**Problem**
Without the pictures, retype each line below exactly as it stands.

**Information supplied**

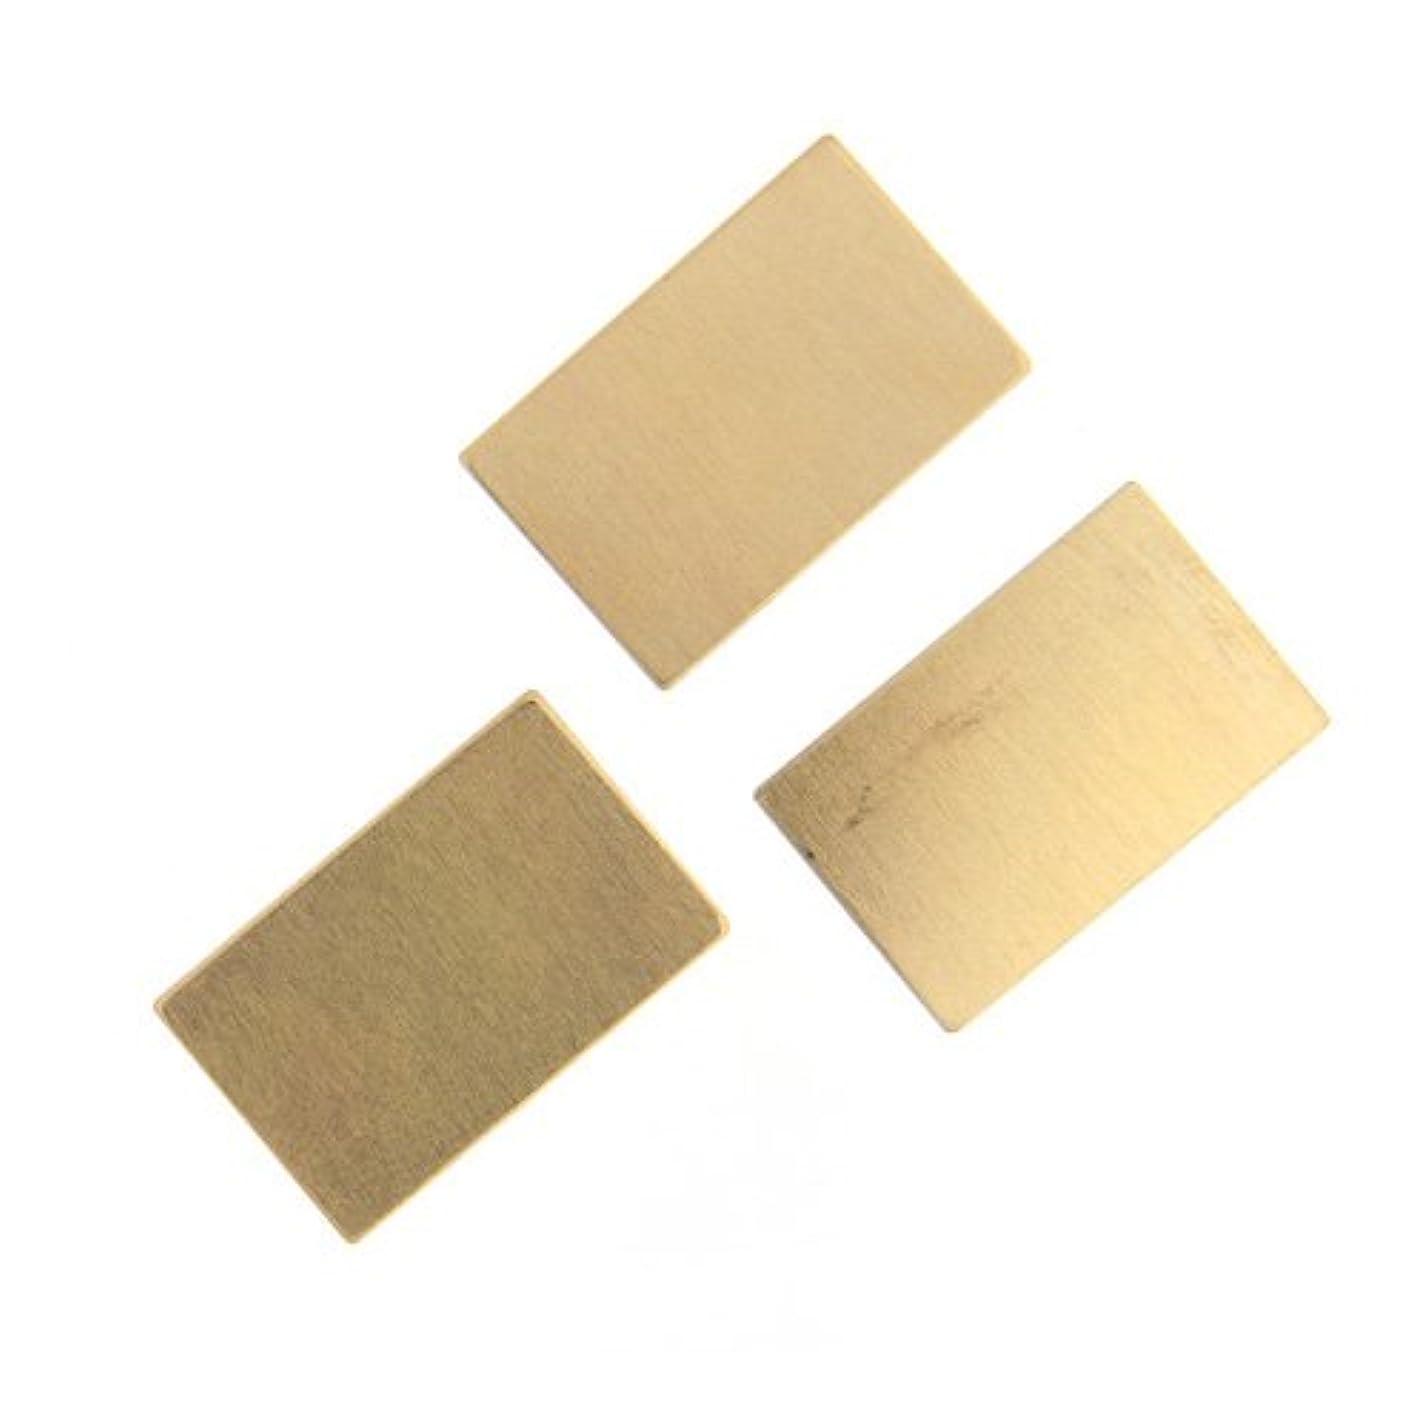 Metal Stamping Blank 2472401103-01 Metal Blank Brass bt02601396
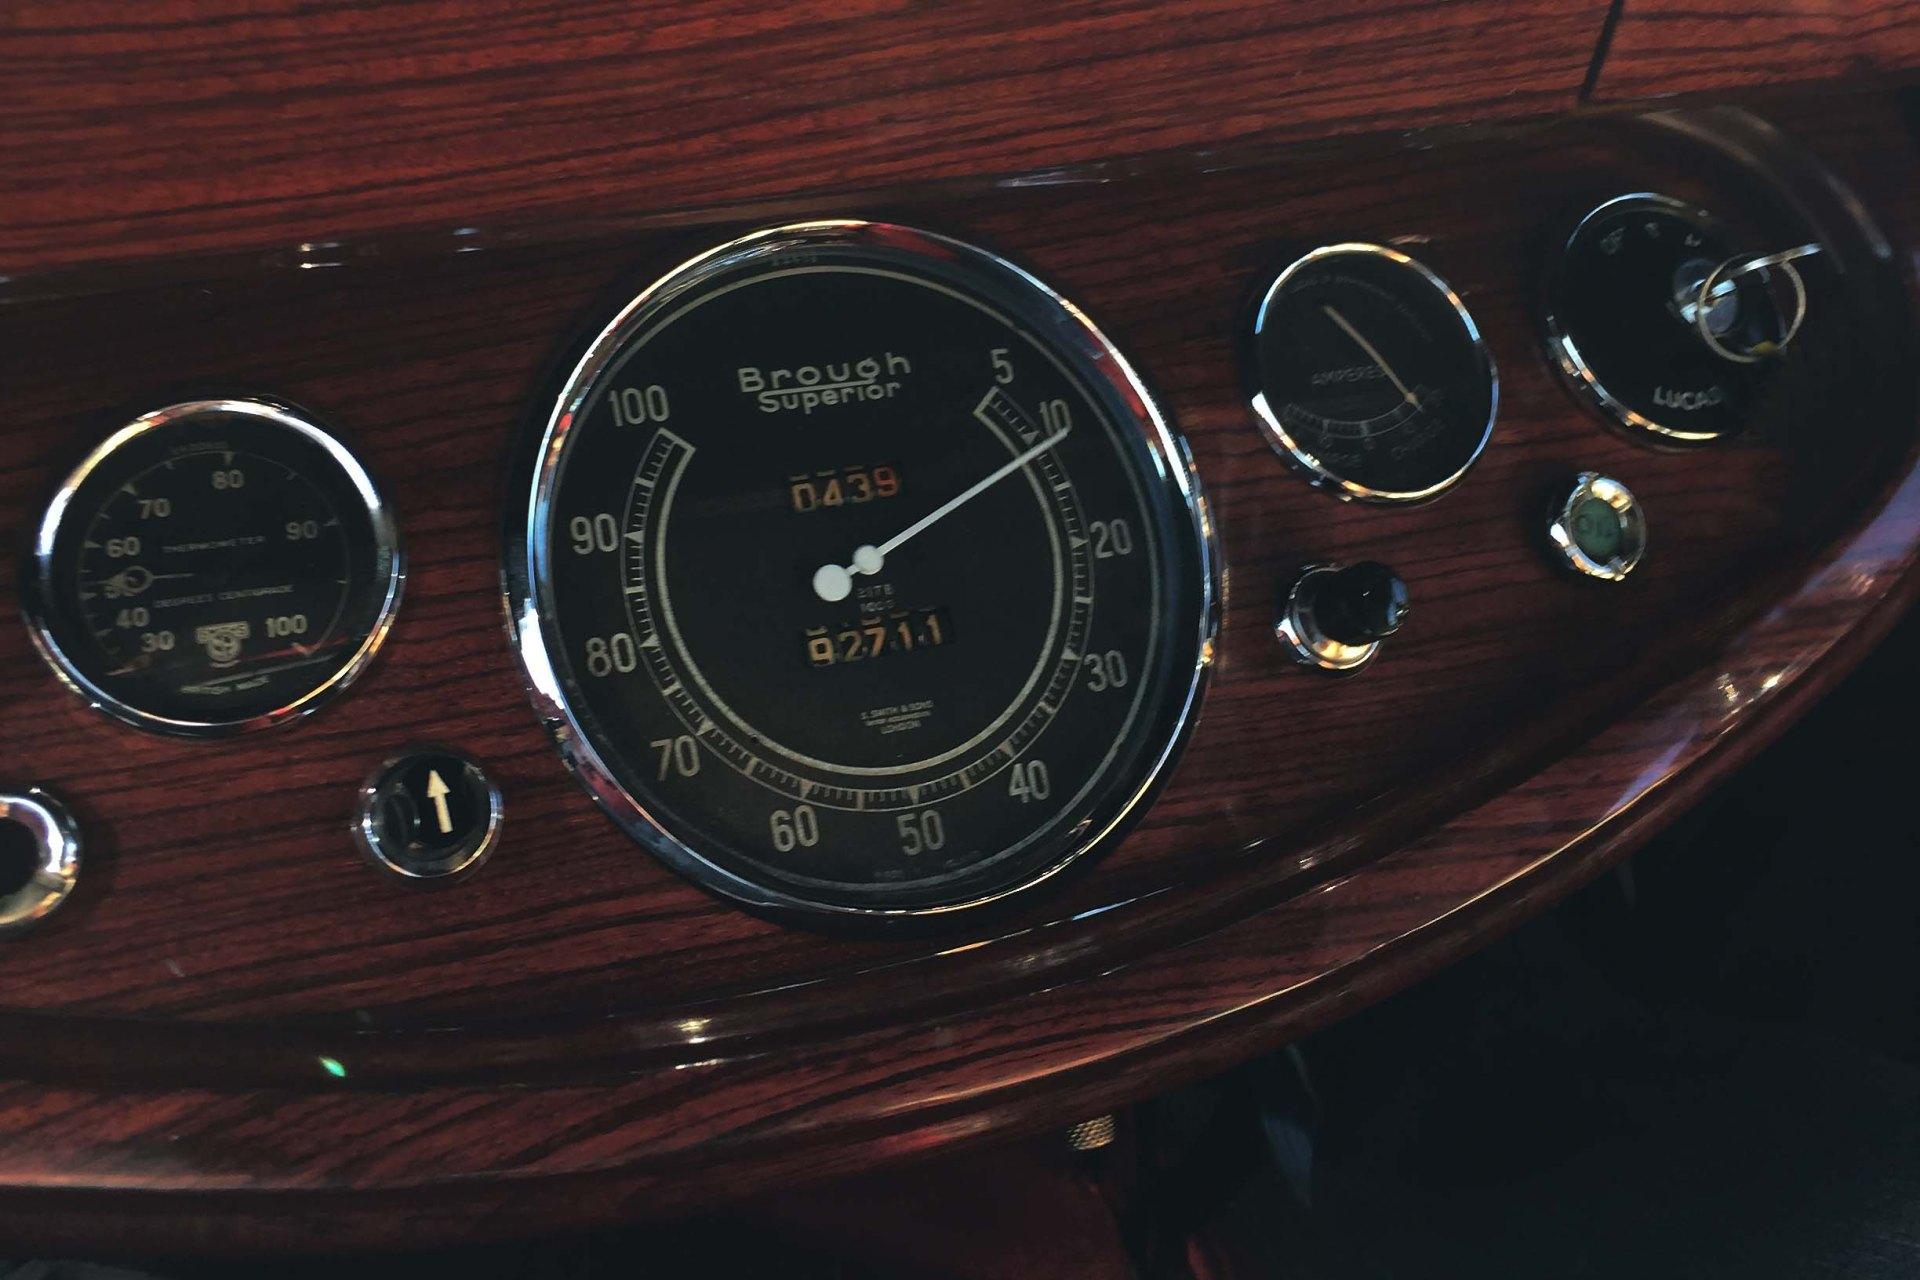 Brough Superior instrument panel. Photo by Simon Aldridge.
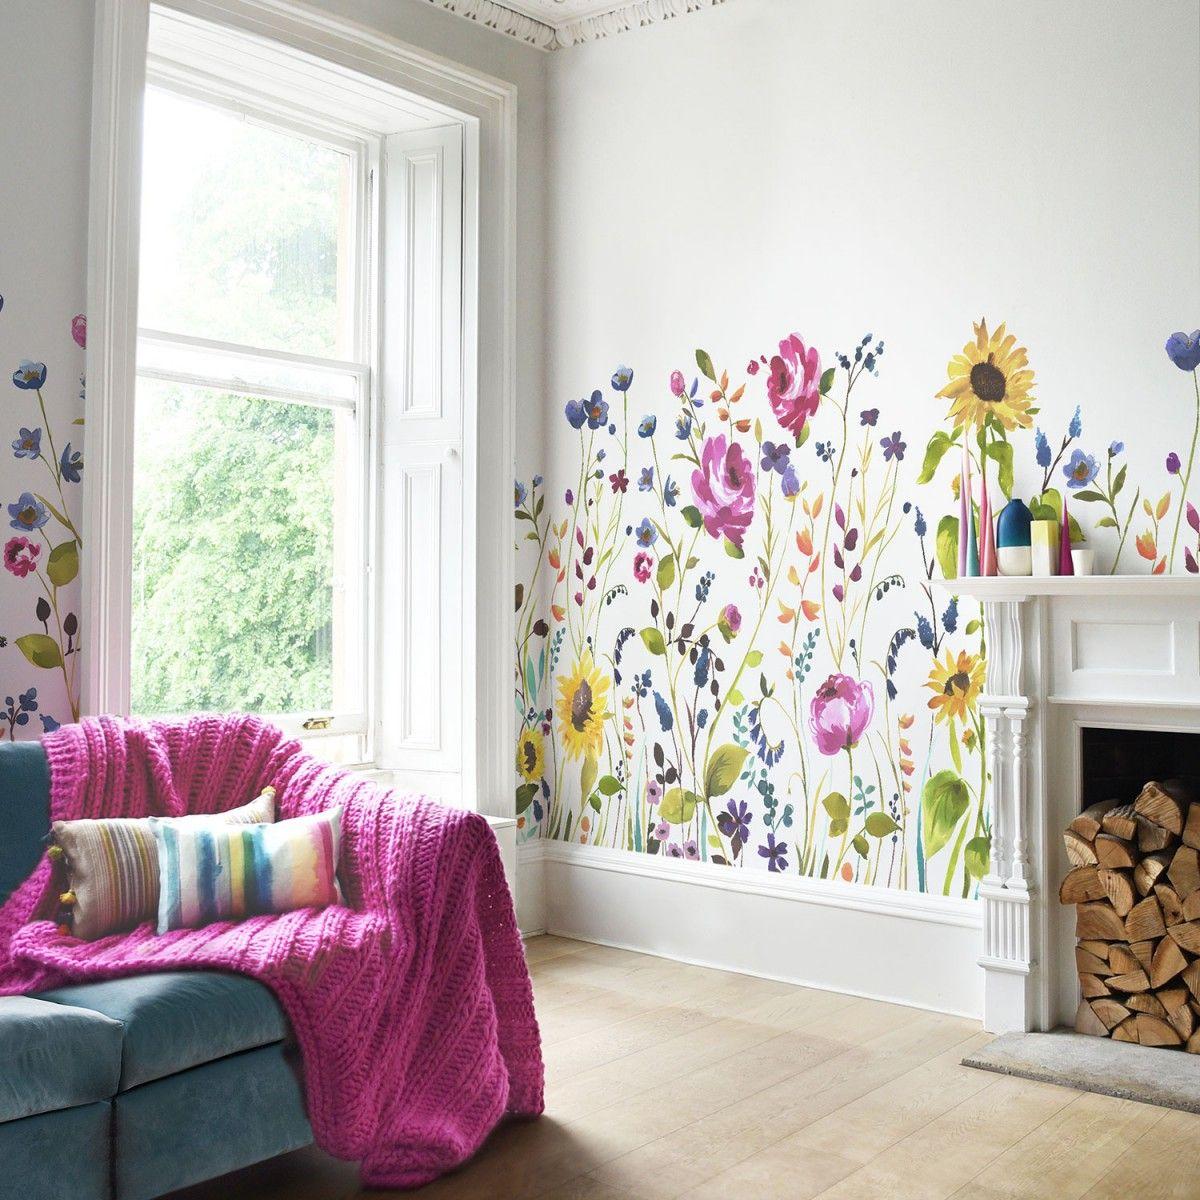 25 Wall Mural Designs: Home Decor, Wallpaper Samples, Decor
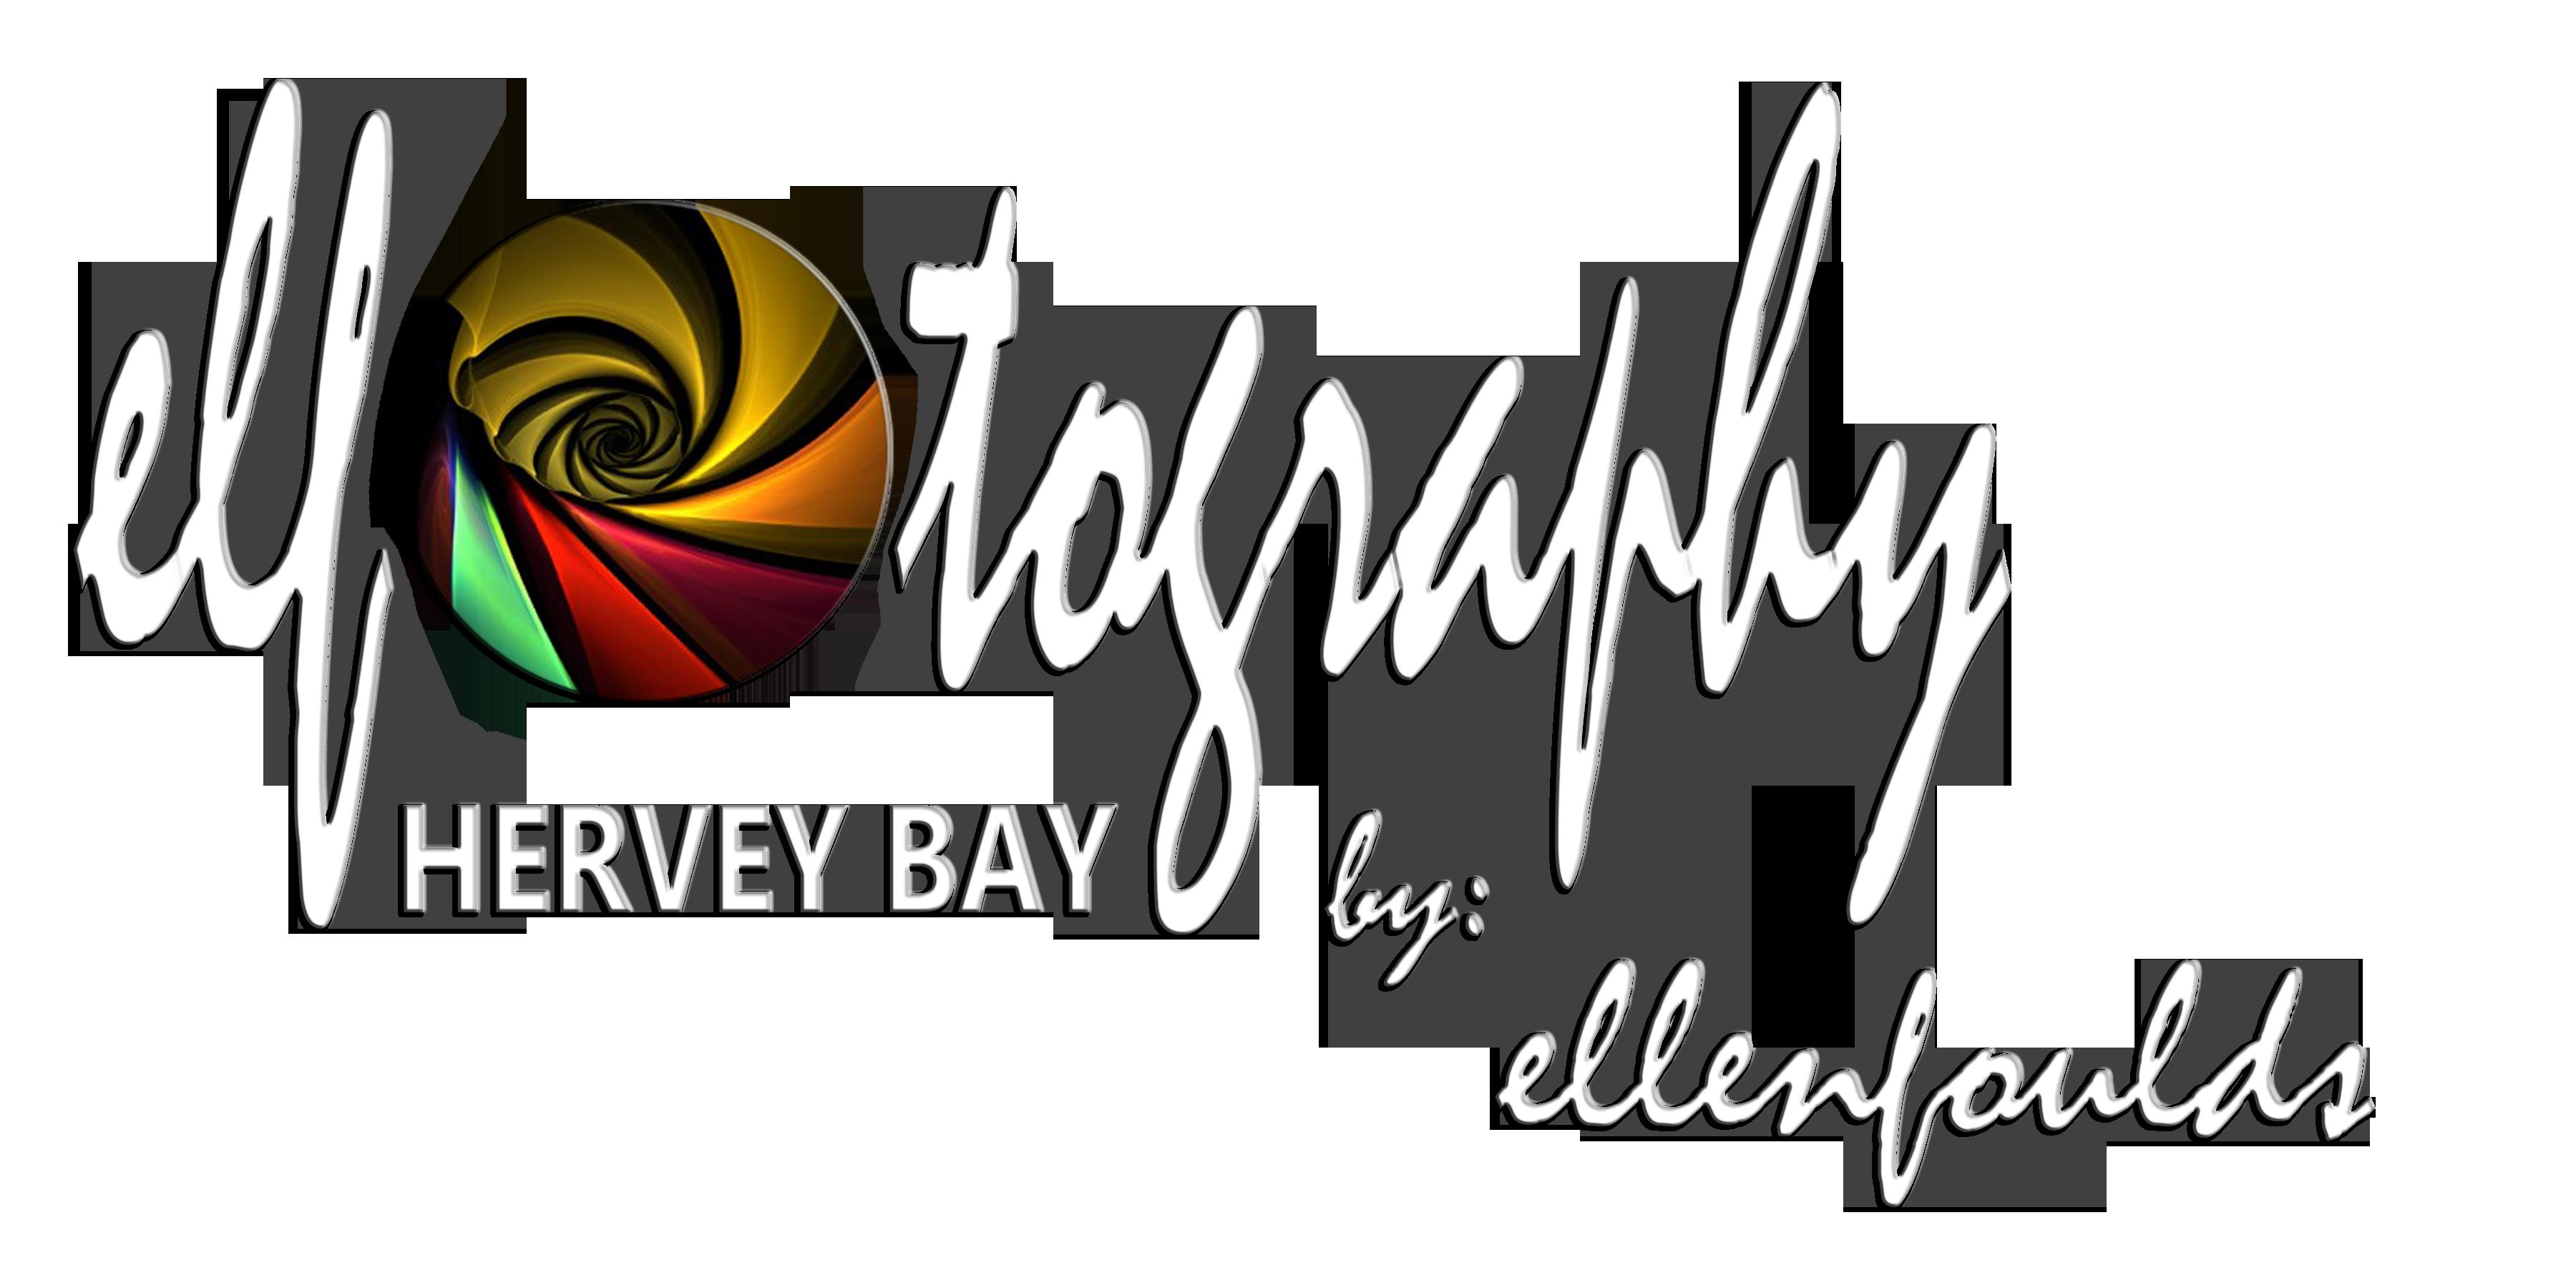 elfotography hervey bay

**The answer**
 Metal Stamping Blank 2472401103-01 Metal Blank Brass bt02601396
 Brough Superior instrument panel. Photo by Simon Aldridge.
 25 Wall Mural Designs: Home Decor, Wallpaper Samples, Decor
 elfotography hervey bay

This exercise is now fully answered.